Slashdot Mirror


Nanotechnology + Superconductivity = Spintronics

karvind writes "Spintronics is a nanoscale technology in which information is carried not by the electron's charge, as it is in conventional microchips, but by the electron's intrinsic spin and if a reliable way can be found to control and manipulate the spins spintronic devices could offer higher data processing speeds, lower electric consumption, and many other advantages over conventional chips--including, perhaps, the ability to carry out radically new quantum computations. PhysOrg is reporting that University of Notre Dame physicist Boldizsar Janko and his colleagues have found a way to achieve this control using a magnetic semiconductor, insulator and superconducting material stack of thicknesses of order of few dozen nanometers. IBM and Stanford are also looking into spintronics."

3 of 88 comments (clear)

  1. Need Wikipedia Update? by Silverlancer · · Score: 5, Interesting

    Seems like one of the Unsolved Problems in Physics isn't exactly unsolved anymore.

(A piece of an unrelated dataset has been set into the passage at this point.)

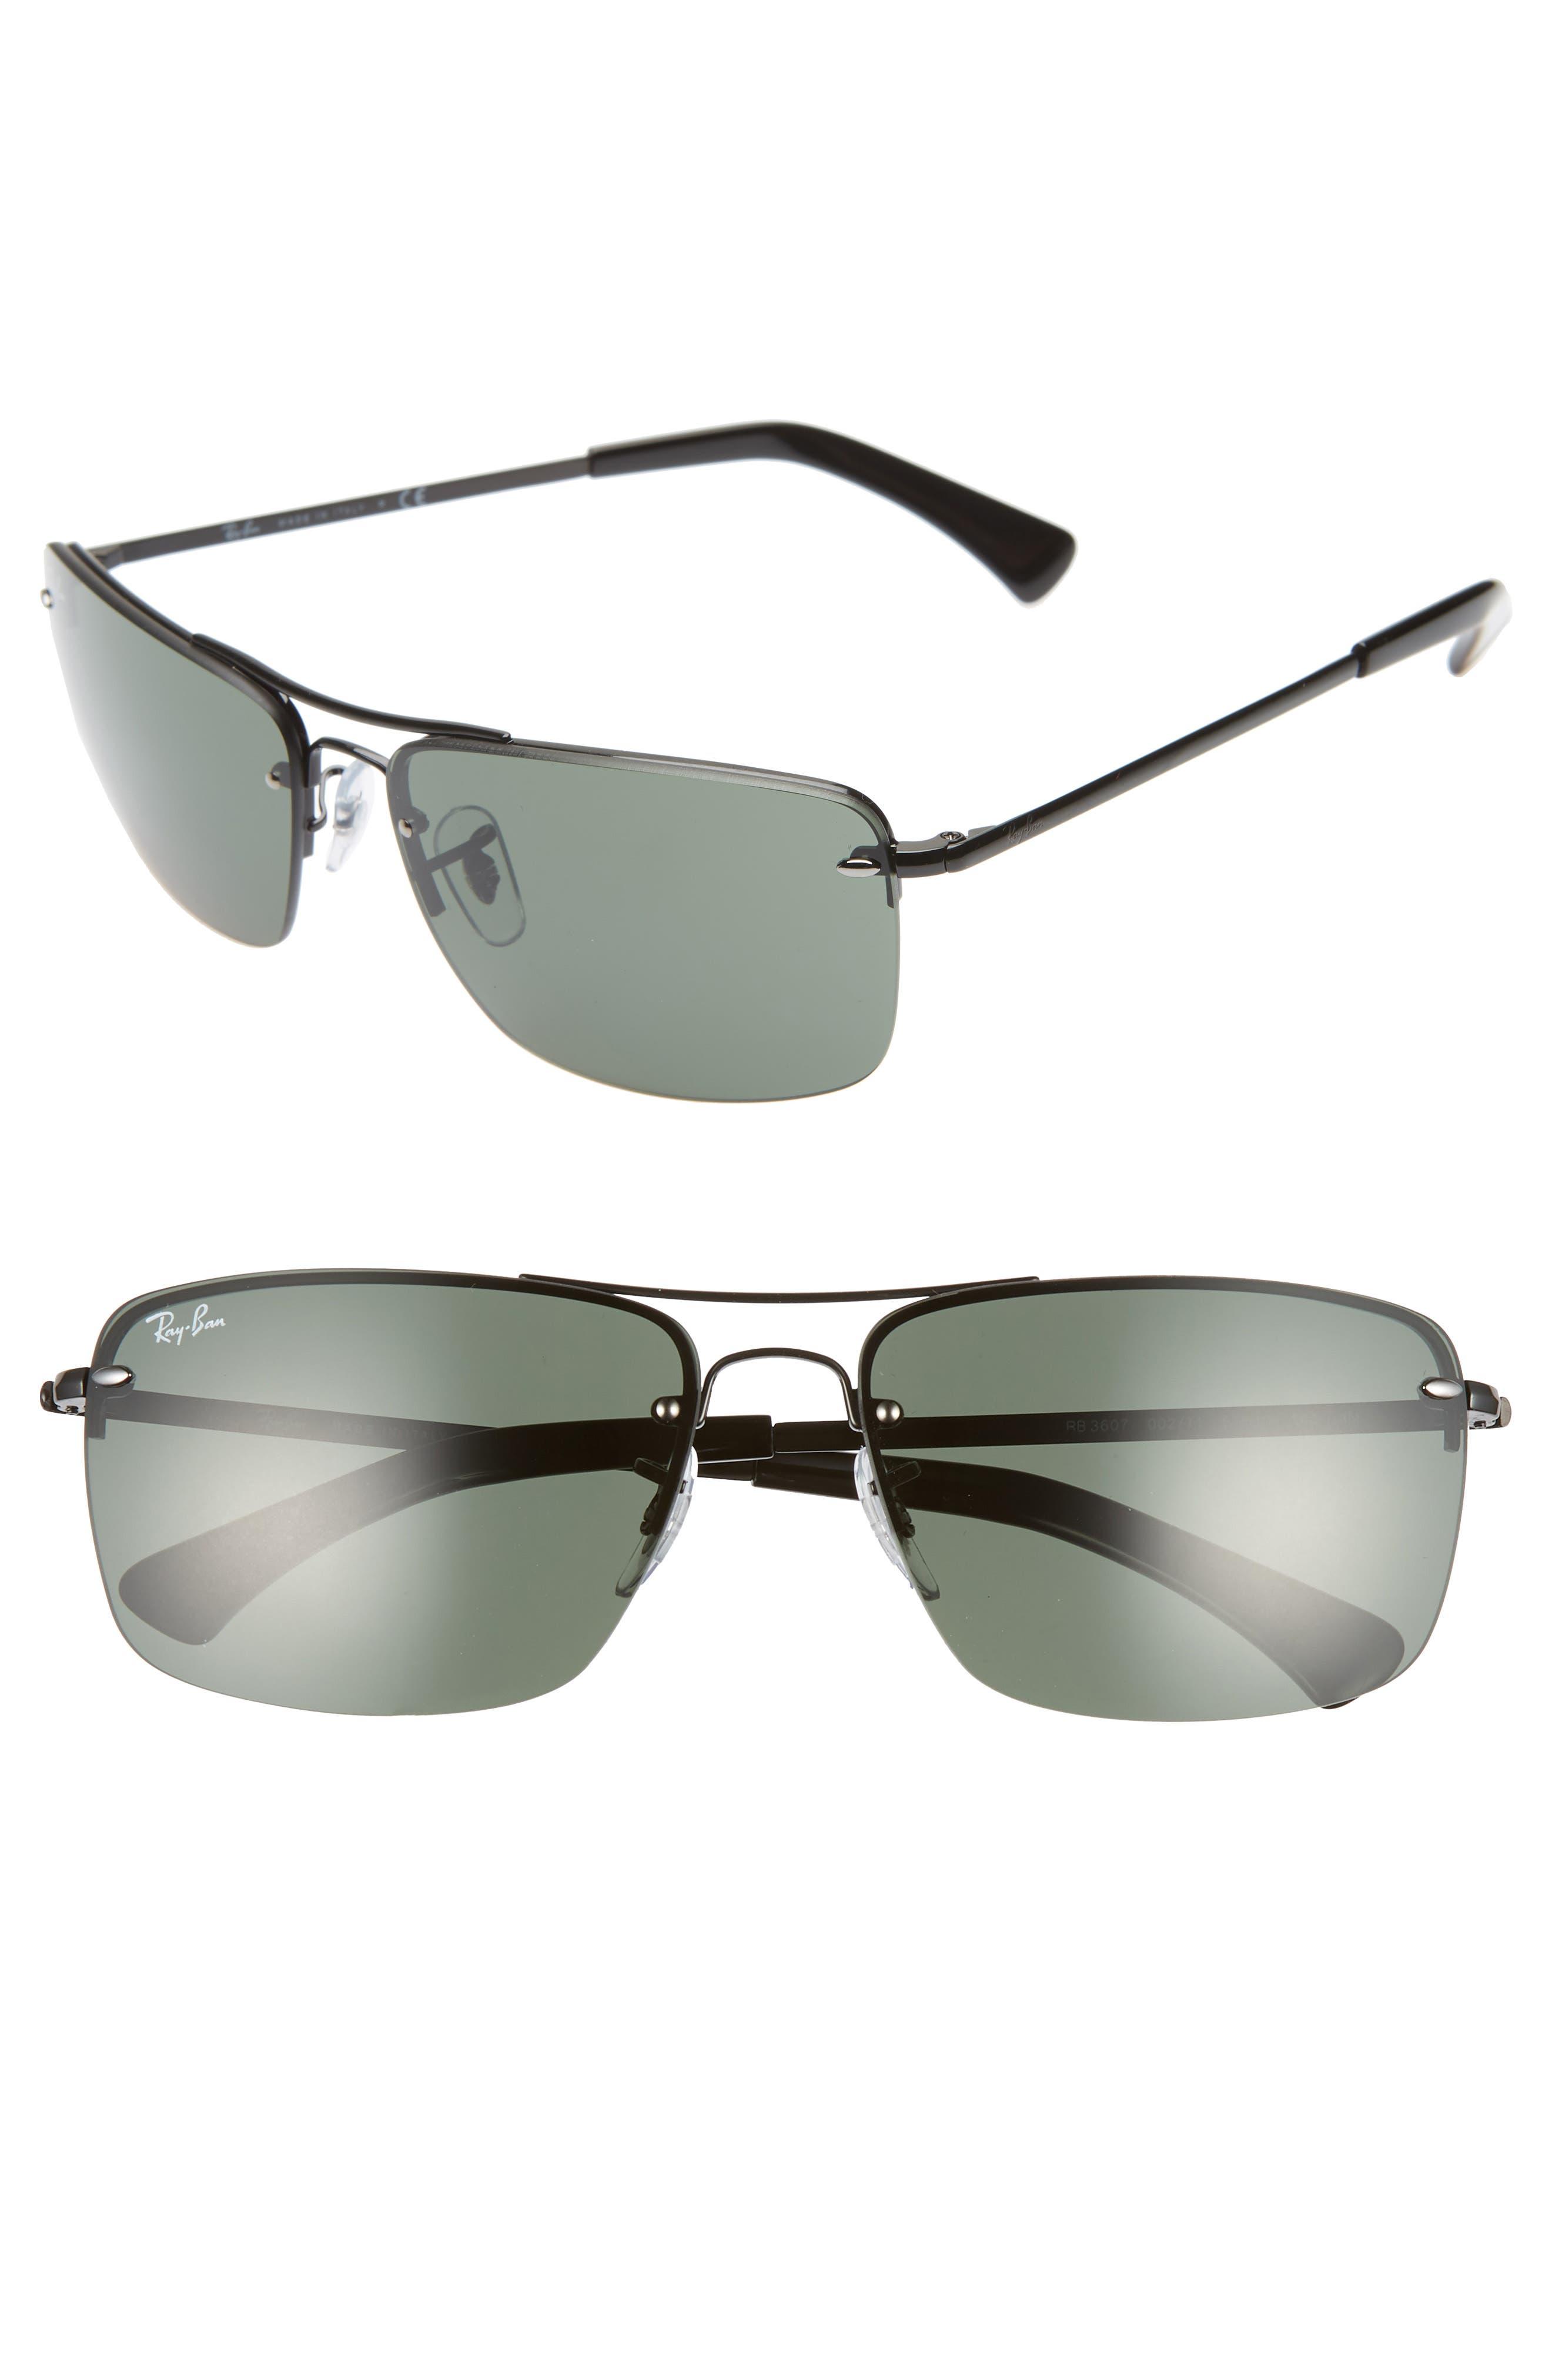 Ray-Ban 61Mm Semi Rimless Navigator Sunglasses - Black/ Dark Green Solid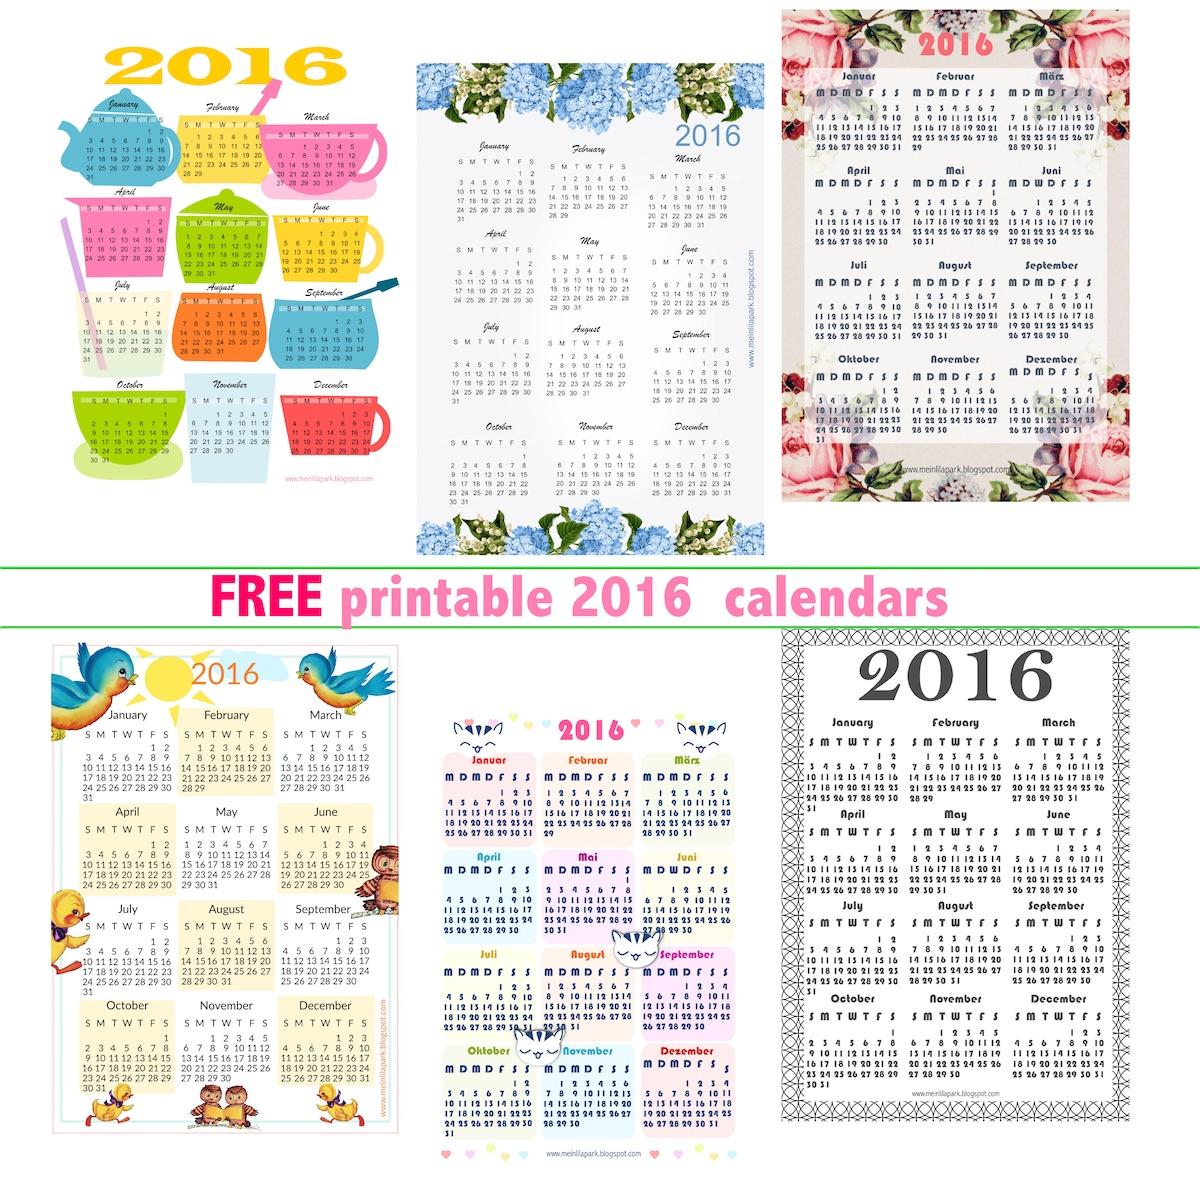 Over 42 free printable 2016 calendars - Kalender 2016 - freebie round ...

  2. So, what, Base 4 Computing? by Ledneh · · Score: 3, Interesting

    I know this isn't exactly what the article said, but I had a thought. If computers could base data on spin and charge at the same time (4 possibilities), would there be any significant advantage to being able to work natively in base 4 instead of base 2?

    --
    "We are the Dyslexia of Borg. Your ass will be laminated. Futility is resistant."
    1. Re:So, what, Base 4 Computing? by Quantum+Fizz · · Score: 2, Interesting
      No, not if the four basis states are no electrons, spin up electrons, spin down electrons, and both kinds of electrons.

      Base four is nice because many hardware/software algorithms can be used since groups of two bits have 4 states, and a base-4 'bit' can be thought of as two independent bits.